Ready to bail: Kiribati struggles to keep its population afloat

As rising sea levels threaten its existence, the Pacific nation – one of the lowest-lying countries in the world – is preparing to evacuate its population, writes Per Liljas. Pictures by Jonas Gratzer.

Dusk settles over Eita, a neighbourhood on Tarawa, Kiribati's main atoll, as inhabitants lift their potted plants from the ground to safety. They place them on tables, benches, any elevated platform they can find. Waves crash with increasing ferocity against the thrown-together seawall. On the other side of Eita, the tide continues to swell and sandbags begin to collapse. Runnels meander in from all directions, pushing rubbish ahead of them, as water rises by the inch around huts. A man just manages to cut loose a piglet that can't keep its snout above the surface.

"It's getting really bad," says Beia Tiim, owner of the neighbourhood's only rainwater tank. She says extremely high "king tides" used to occur only every third or fourth year. "Now we have king tides every two or three months. Most of the freshwater wells are submerged. Faeces flow into our houses. I'm scared for my children's and all of Kiribati's future."

On November 30, world leaders will assemble in Paris, France, for the United Nations' 21st annual climate summit. It has been described as the "last chance" to limit the Earth's warming to 2 degrees Celsius above preindustrial levels. Anything past that temperature threshold, it is feared, will irrevocably alter humanity's ability to exist on the planet.

Continued warming, however, is inevitable. Even if all emissions of carbon dioxide immediately ceased, it would take at least a decade to halt the processes that are already underway. Vulnerable regions will keep facing dire risks. Access to food and water will be further squeezed. A higher frequency and intensity of extreme weather will threaten lives and property. The rising sea will devour ever more low-lying land.

Takenamoone Tekiari’s home in Tarawa floods at high tide.

Many people will have to leave their homes to avoid natural disasters. Forecasts of an impending exodus of hundreds of millions of people from threatened regions as a result of this, however, are exaggerated; few disaster victims travel far and most of them return home as soon as they can.

But the long-term threat of climate change could prompt a great migration. Kiribati (pronounced Kee-ree-bus), one of the world's lowest-lying countries, is already preparing to lose its battle against the sea. Here, evacuation plans have become part of national policy.

About 3,500km away from the closest continent, Kiribati is comprised of 33 atolls and reef islands that straddle the equator and the International Date Line. The Tarawa atoll, where half of Kiribati's 100,000 citizens live, appears as a turquoise droplet in the middle of the deep blue sea.

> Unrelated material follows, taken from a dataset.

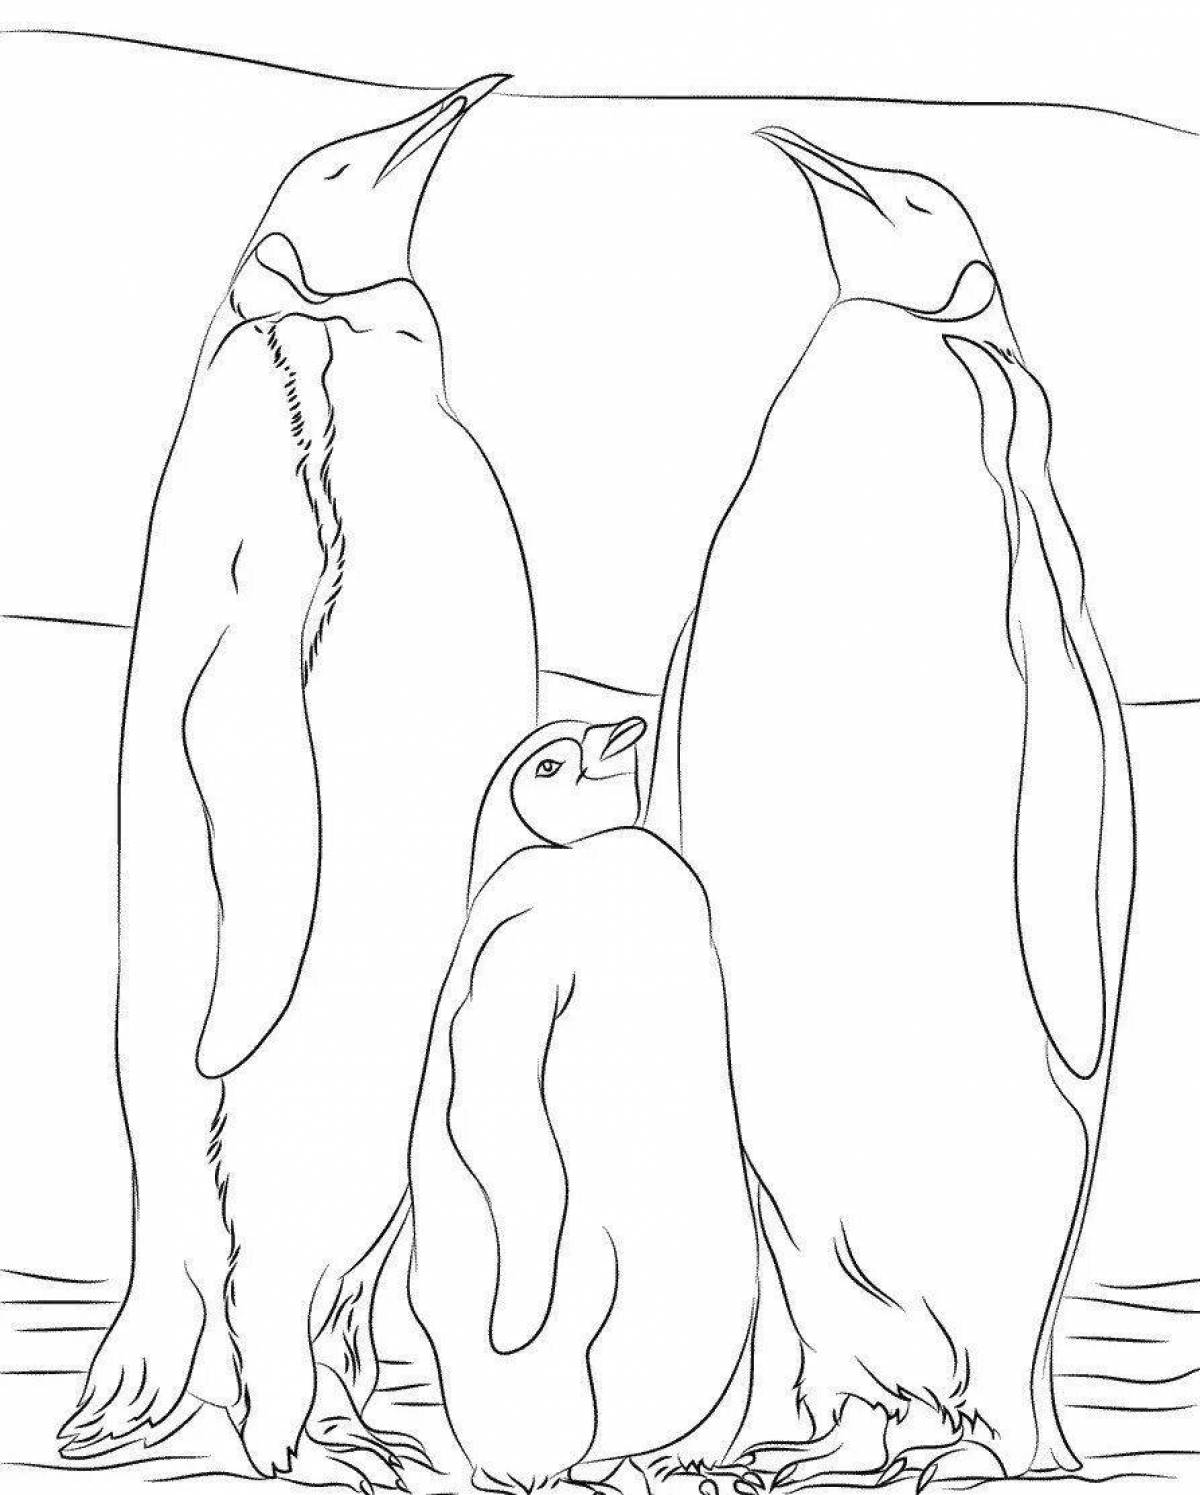 Странная раскраска семьи пингвинов

A Fiji Airways jet screams past the white surf fizzing into the thread-thin ribbon of land. It touches down on a tarmac that was emptied of stargazing youngsters only hours before. Empty stretches of land are an attraction in a city as densely populated as London and air traffic is limited. Four international flights arrive every week. Domestic departures are unreliable and daily only by name. Most of the 33 islands - spread out over an area as big as India, but with a total land mass smaller than the New Territories - can only be reached by boat or chartered plane. Inaccessibility notwithstanding, Kiribati is a unified nation, with one language (Gilbertese), a strong feeling of togetherness and a near absence of social classes.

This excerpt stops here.